THAAD:配備決定に反発の中国、あの手この手で韓国に圧力

 終末高高度防衛ミサイル(THAAD)が韓半島(朝鮮半島)に配備されることが決まって以降、中国が韓国に対する顔色を変えている。中国の女性に人気がある韓国製化粧品の品質問題を突然取り上げたかと思えば、中国国内にいる脱北者の逮捕を再開するといううわさも聞かれる。

 新華網、中国中央テレビ(CCTV)など官営メディアは、韓国製化粧品が検疫で不合格になるケースが続出しており、不良密輸品が増加しているなどと相次いで伝えた。業界ではTHAAD配備決定と無関係ではないとの見方が出ている。

 新華網はこのほど「韓国からの輸入化粧品に危険、購入時は慎重に」と題する記事を配信し、上半期に韓国製化粧品の輸入が前年同期に比べ急増したが、検疫の過程で連続7回も不合格製品が出たと報じた。

 中国の国家出入境検験検疫局関係者は「不合格となった化粧品は主に中国政府が使用を禁じた物質が含まれていたケースだ」とした上で、「使用者を傷つける有毒物質が含まれていたり、放出されたりしてはならないが、韓国と中国では禁止物質に相違があるため、韓国では化粧品に使われるが、中国では使用が認められない成分がある」と指摘した。
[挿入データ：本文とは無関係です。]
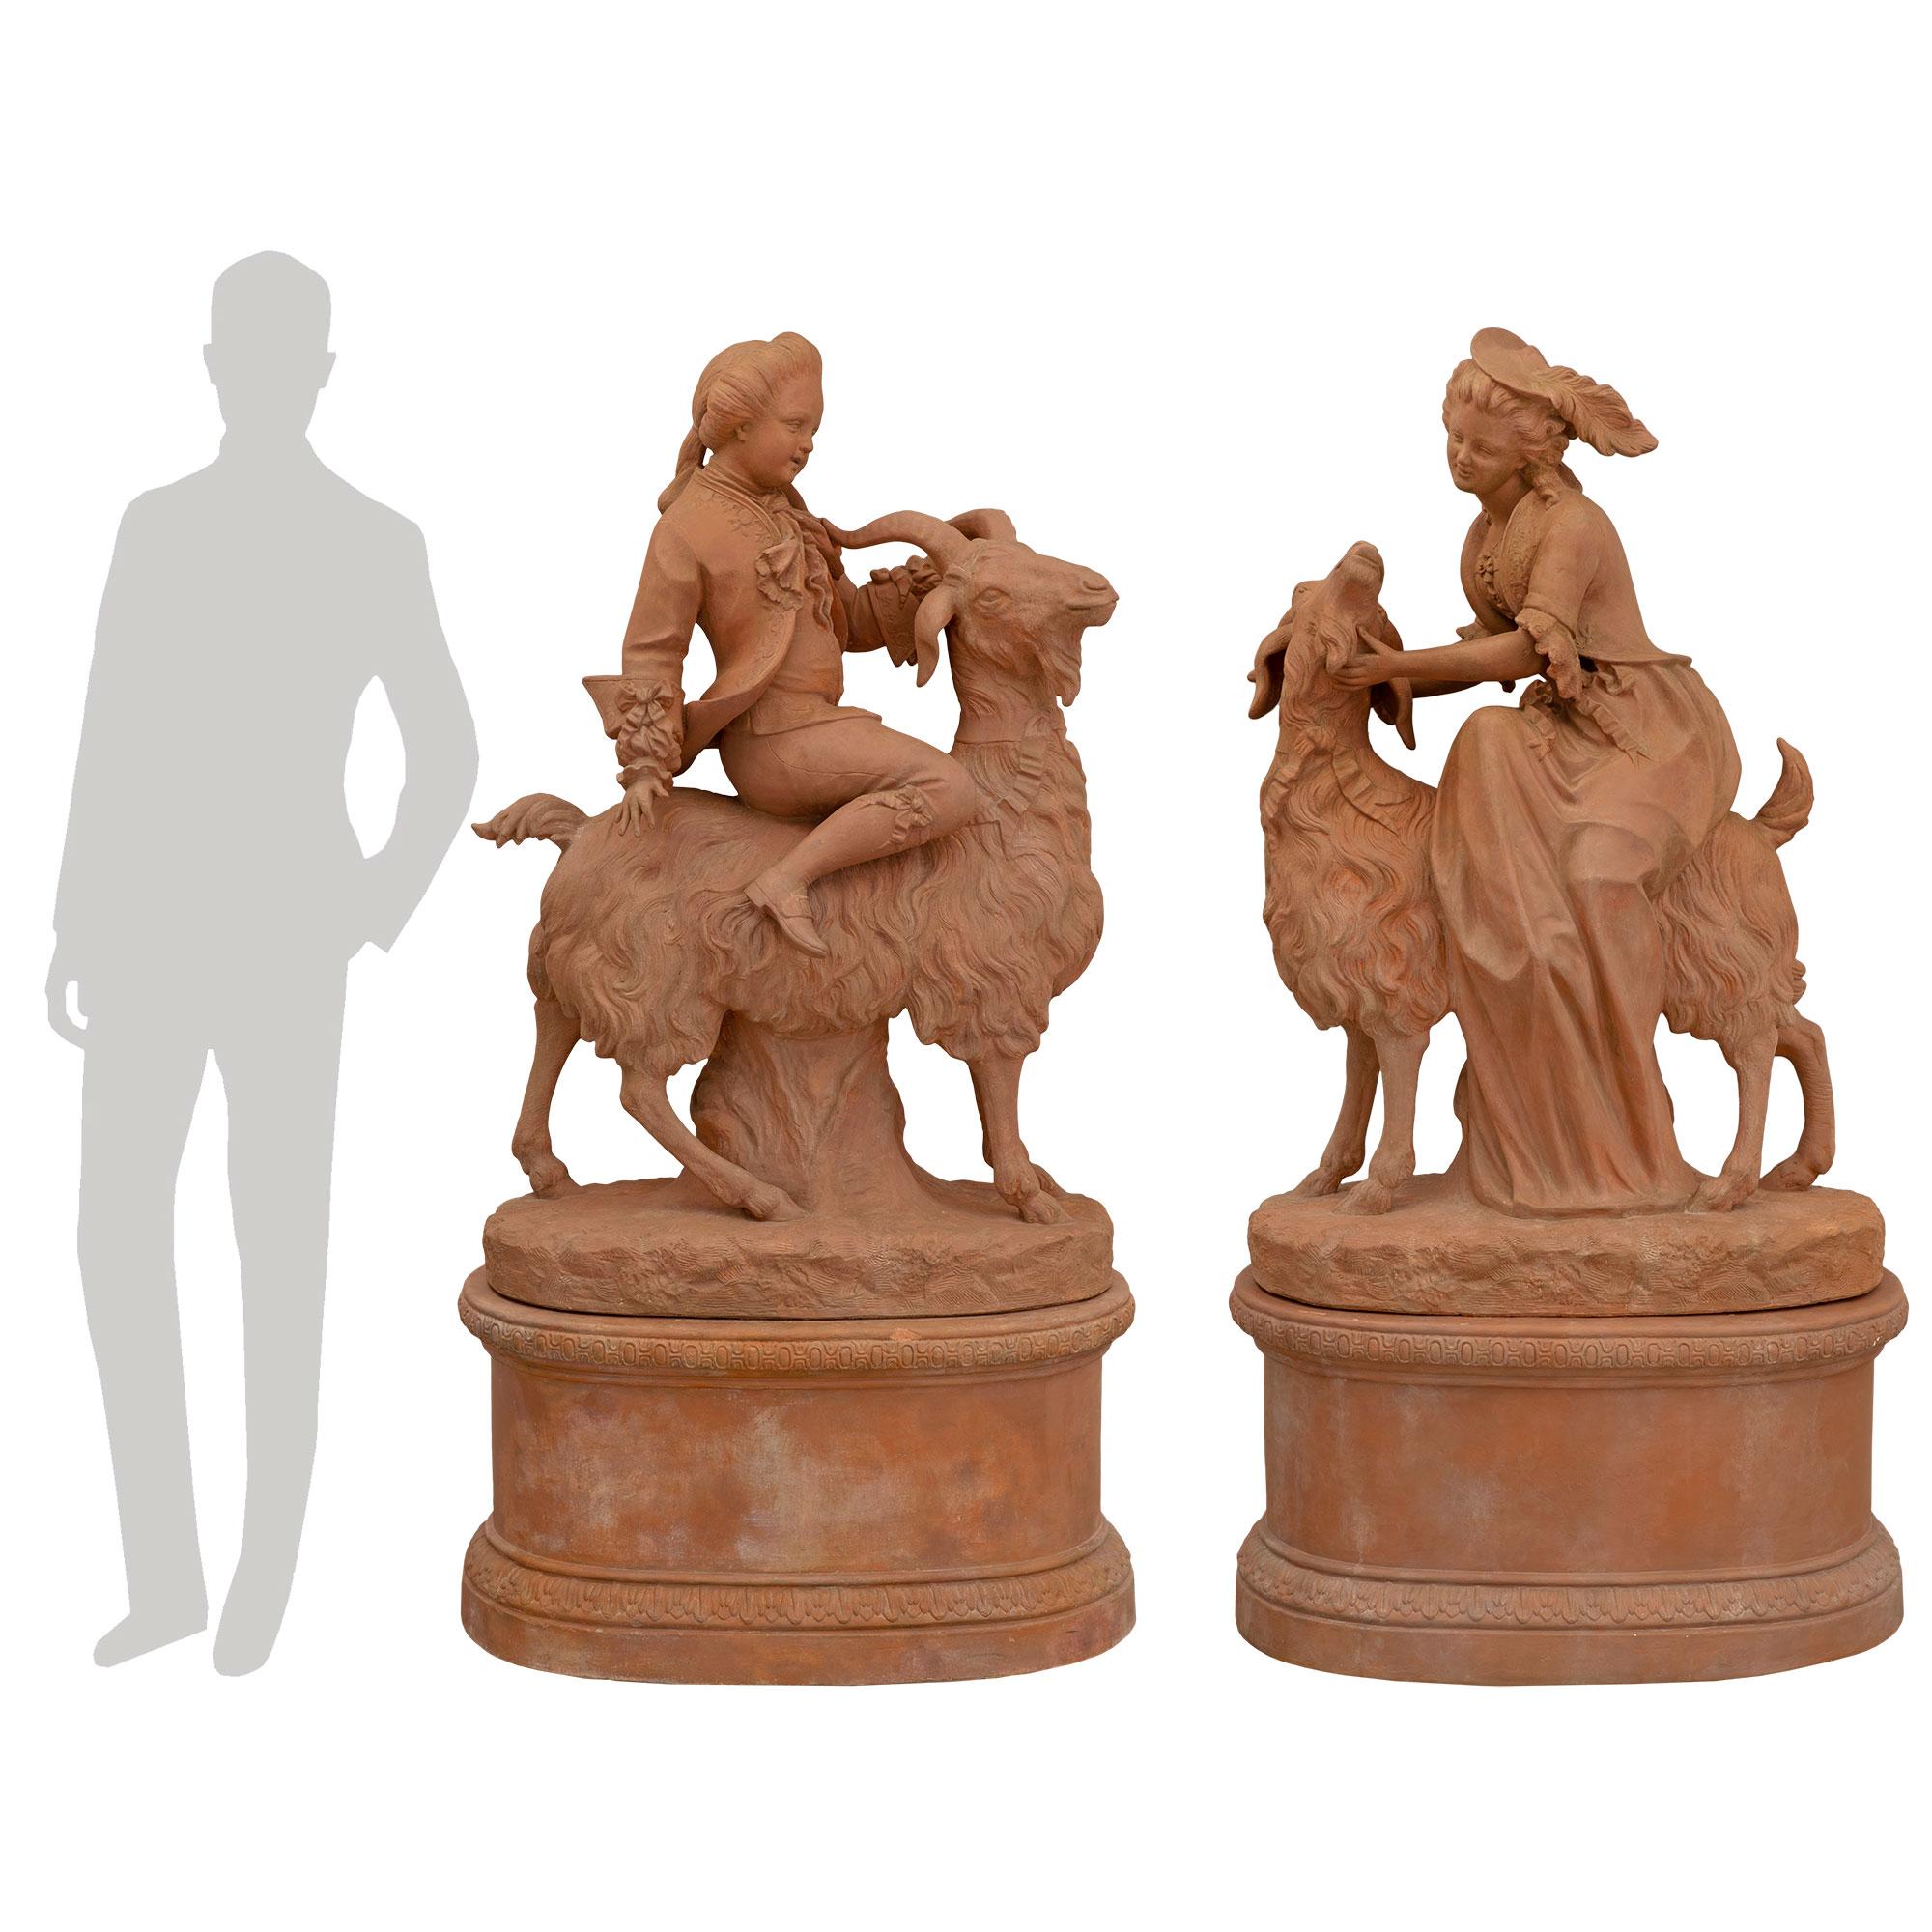 A sensational and extremely decorative pair of French 19th century Terra Cotta statues. Each statue is raised by oblong-shaped bases with fine mottled bands decorated with lovely foliate wrap-around bands. Above are the beautiful and wonderfully
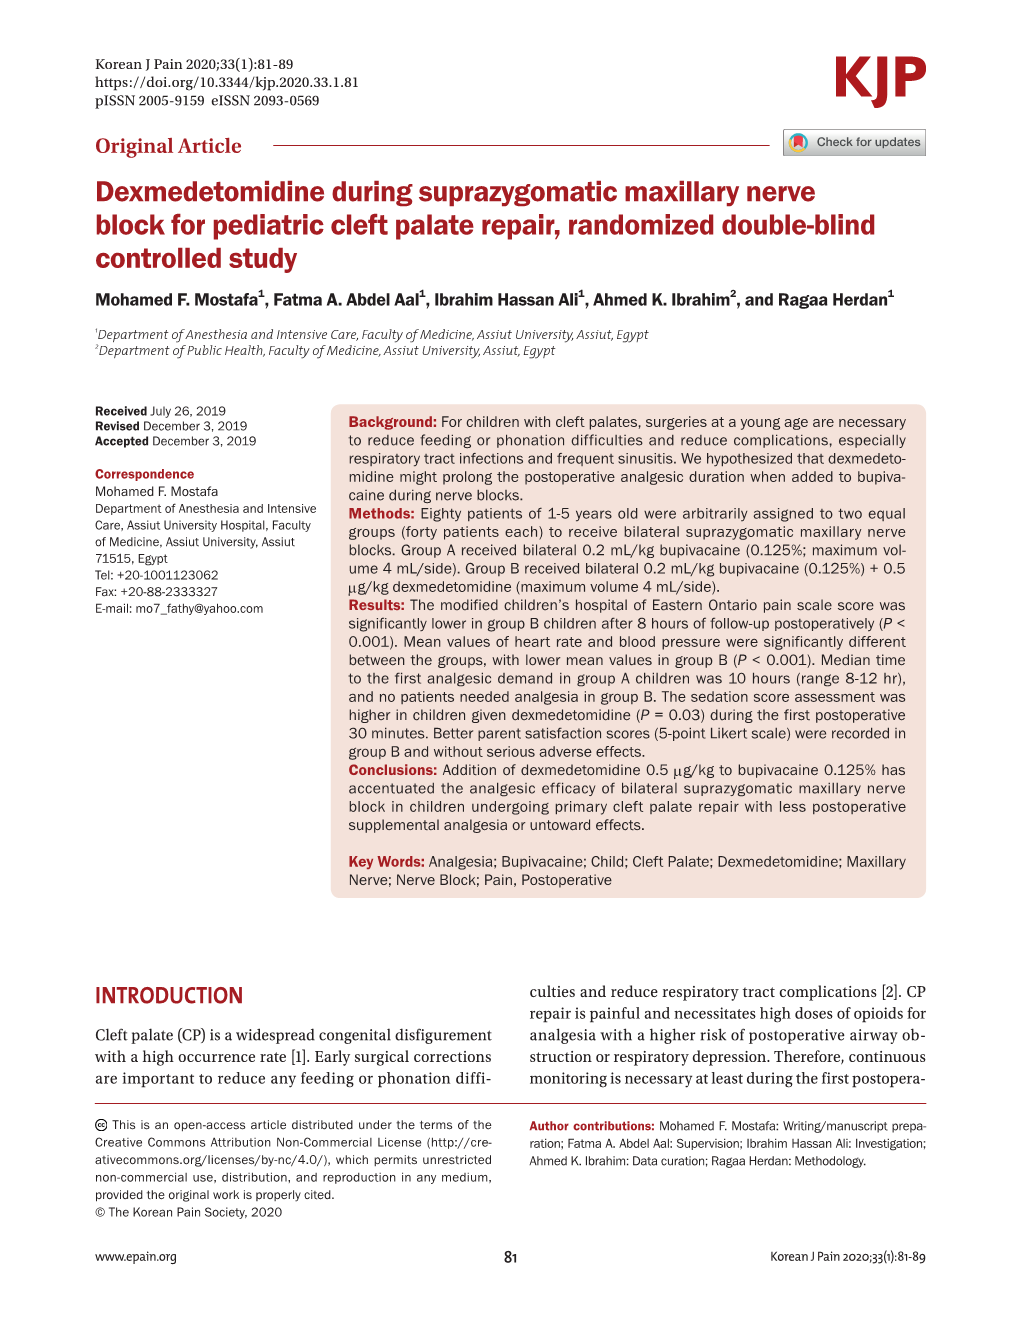 Dexmedetomidine During Suprazygomatic Maxillary Nerve Block for Pediatric Cleft Palate Repair, Randomized Double-Blind Controlled Study Mohamed F

 新華網はまた、「韓国の一部業者が偽物または不良製品を生産し、中国市場で販売した」「不良マッサージパックには使用が禁じられている防腐剤成分が含まれており、その大半が小包などで中国市場に流入している」と報じた。そして、インターネット通販で韓国製化粧品を購入した消費者も少なくないとした。

 26日にはCCTVが遼寧省大連港での韓国製化粧品密輸取り締まりを集中的に報じた。検挙された密輸業者は「韓国を訪れる中国人観光客はソウルの明洞などの店舗で化粧品を購入するが、品質は信用できない」と話した。

 韓国国内の脱北者団体は最近、中国の公安当局が東北3省にいる脱北者の逮捕や北朝鮮への送還を再開したとの情報が流れている。

 脱北同胞救出協会のクォン・ナヒョン会長は「遼寧省本渓市の桓仁満族自治県に住んでいた脱北女性(28)が25日、現地の公安当局に逮捕され、北朝鮮との国境地帯に連れていかれた」と述べ、北朝鮮への送還の危機に直面していると指摘した。逮捕された女性は咸鏡北道清津出身だという。クォン会長は「最近吉林省の農村に住んでいた脱北女性2人も現地公安に逮捕された」と語った。脱北難民救護協会のイ・ミョンオク会長も「延辺一帯で脱北者逮捕の動きが活発だ」と証言した。